- **DESCRIPTION OF THE TASK**: Wherever an image appears in the data, omit it and copy all the remaining text word for word.

- **DATA EXCERPT**:
○ ○ ○

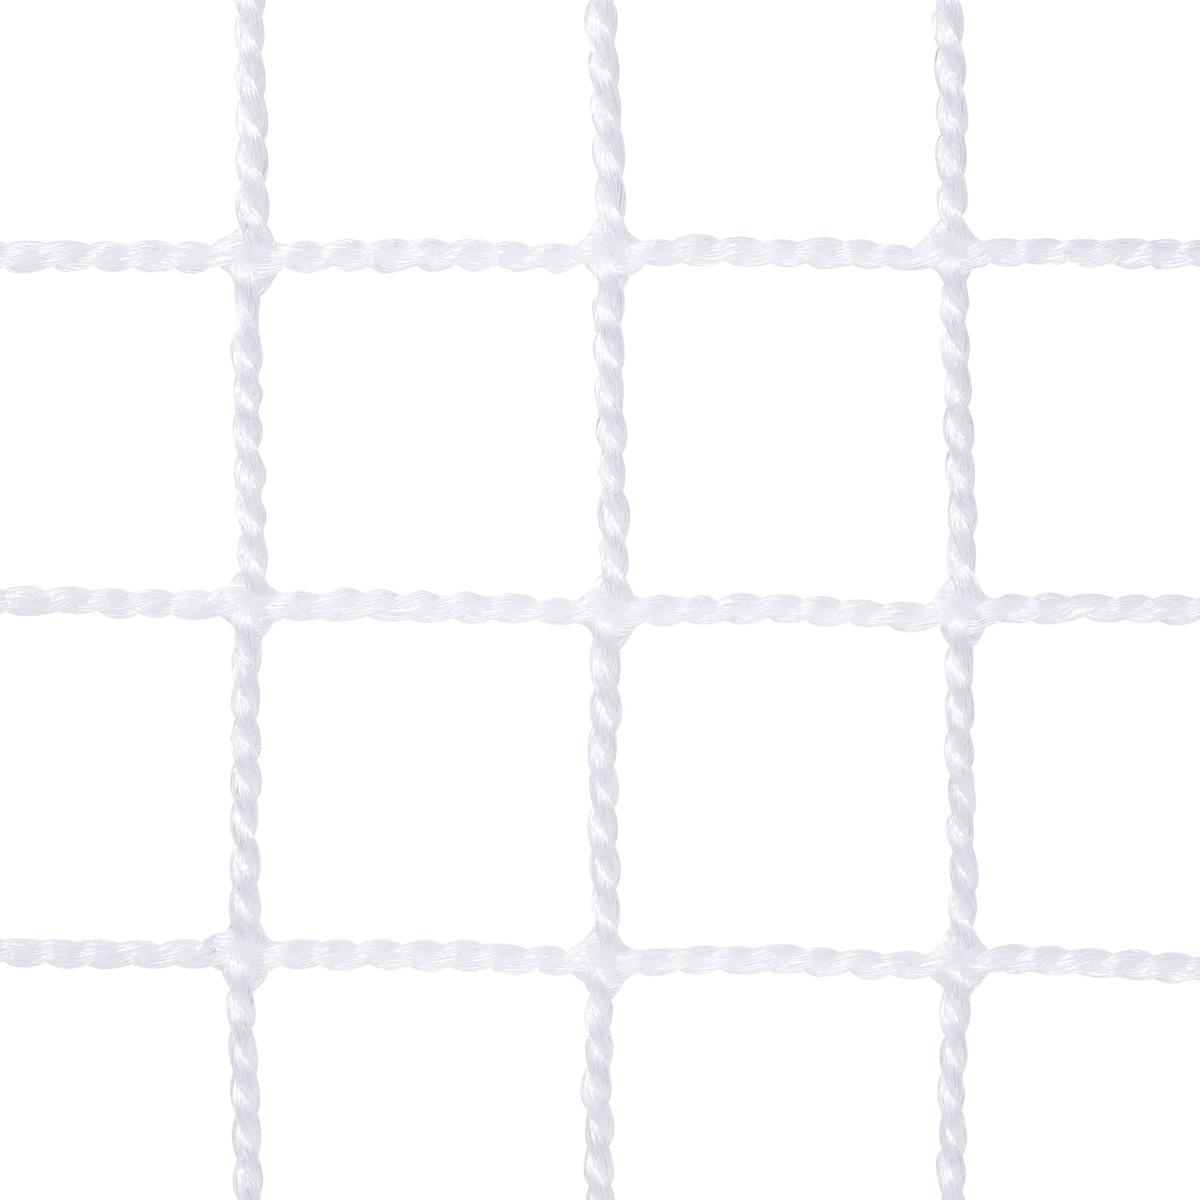 〈ヨリ線ネット25〉目合い:25mm カラー:ホワイト
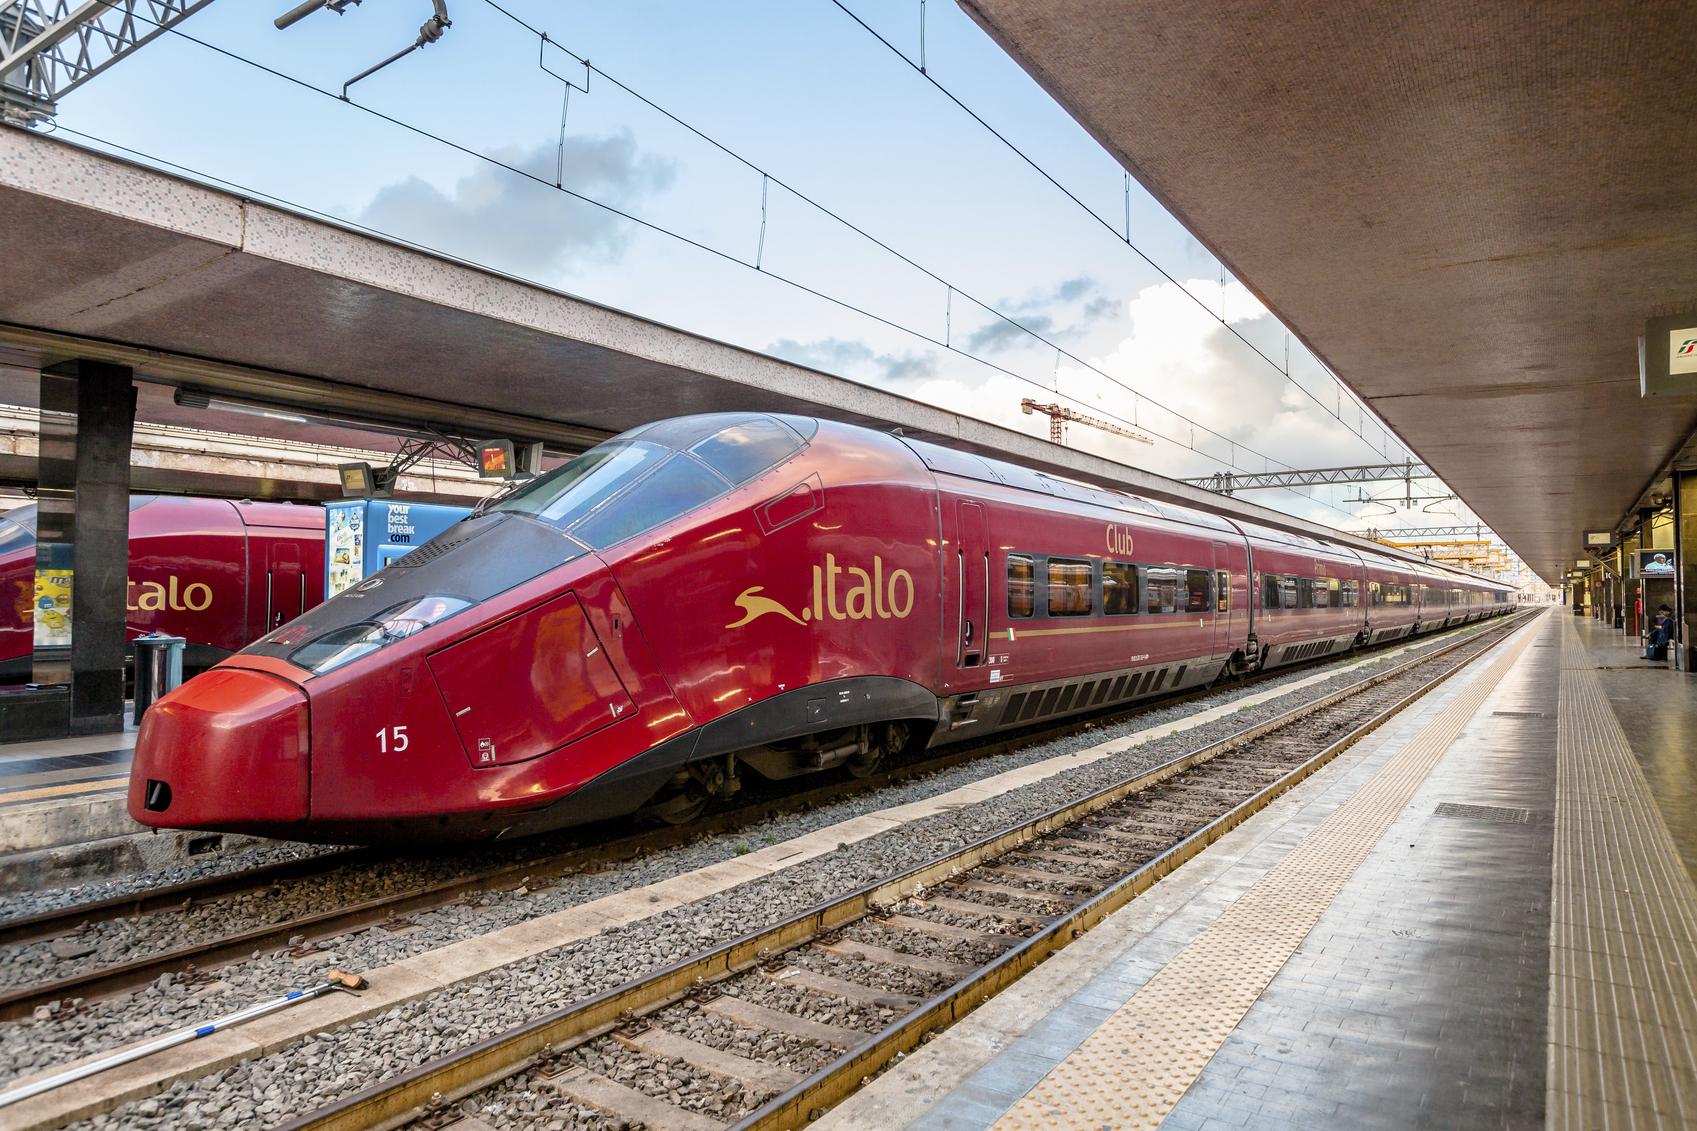 Quanto consuma un treno ad alta velocit italoblog - Pullman torino porta nuova caselle orari ...
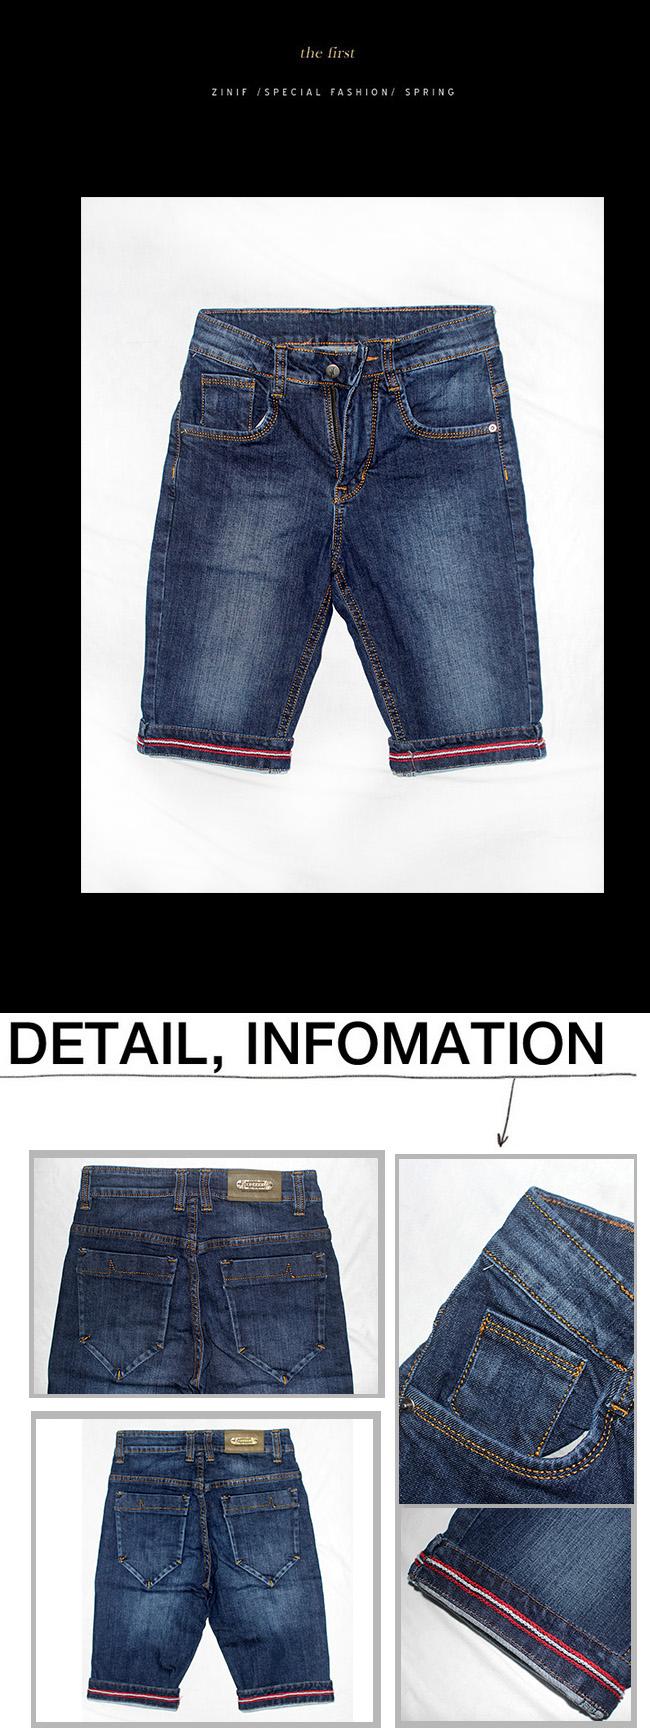 Quần short jeans xanh đen qs18 - 1
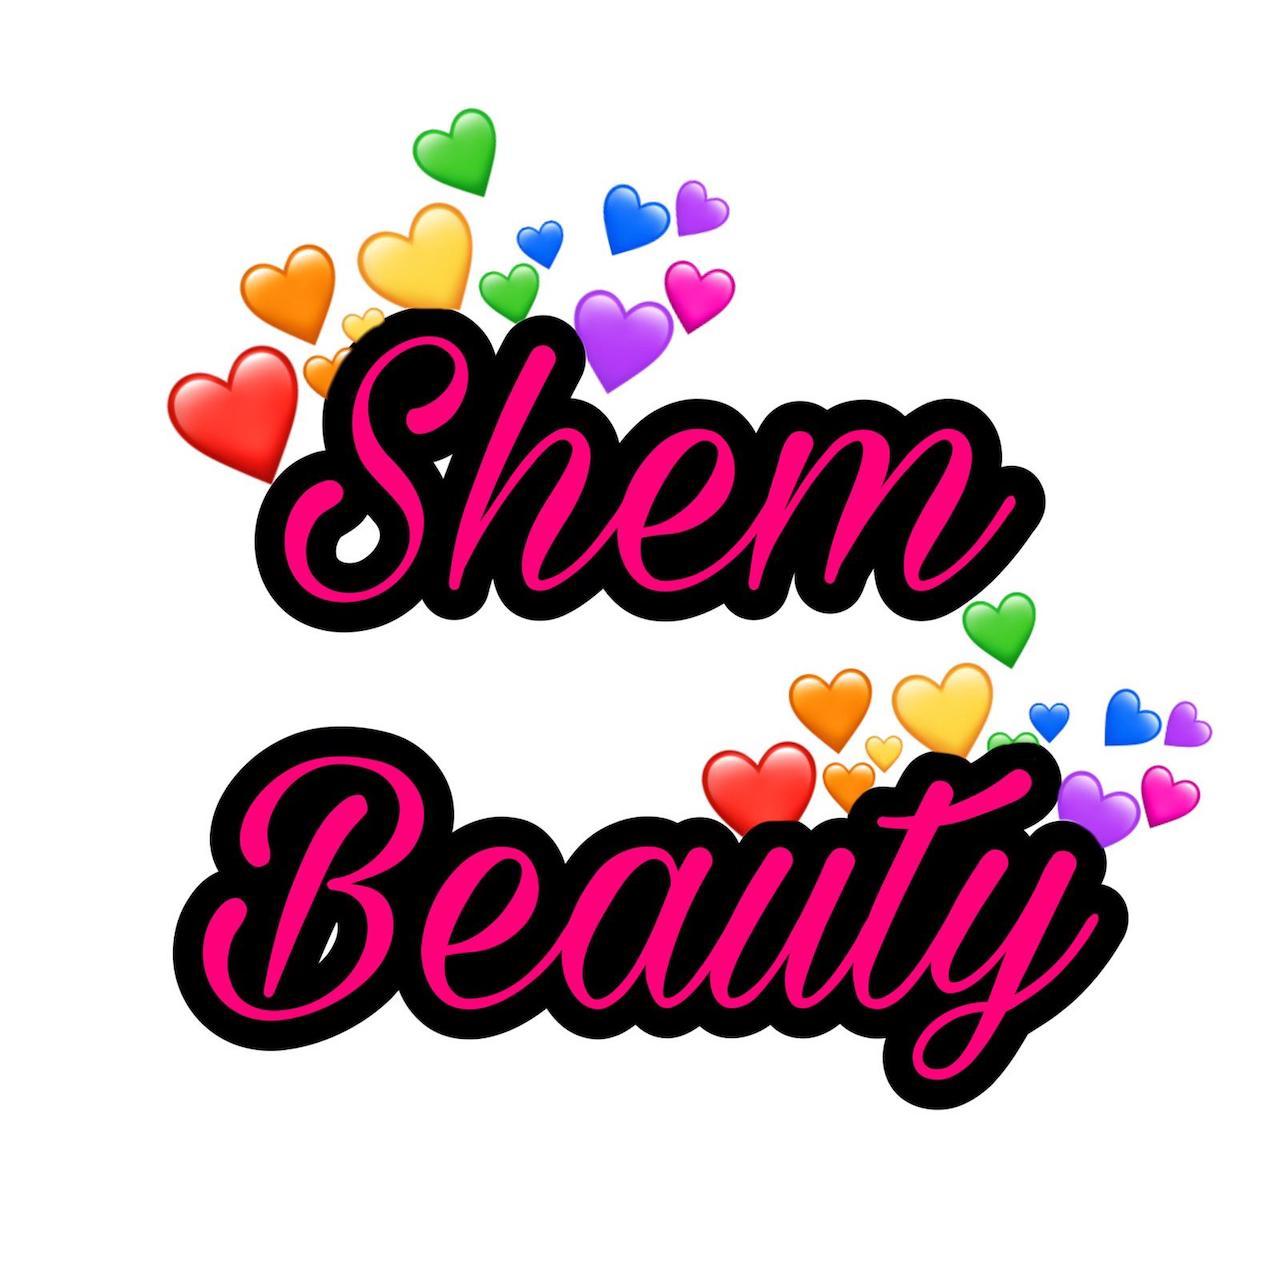 Shem Beauty

○ ○ ○

- **EXERCISE RESULT**:
 〈ヨリ線ネット25〉目合い:25mm カラー:ホワイト
 Quanto consuma un treno ad alta velocit italoblog - Pullman torino porta nuova caselle orari ...
 Quần short jeans xanh đen qs18 - 1
 Shem Beauty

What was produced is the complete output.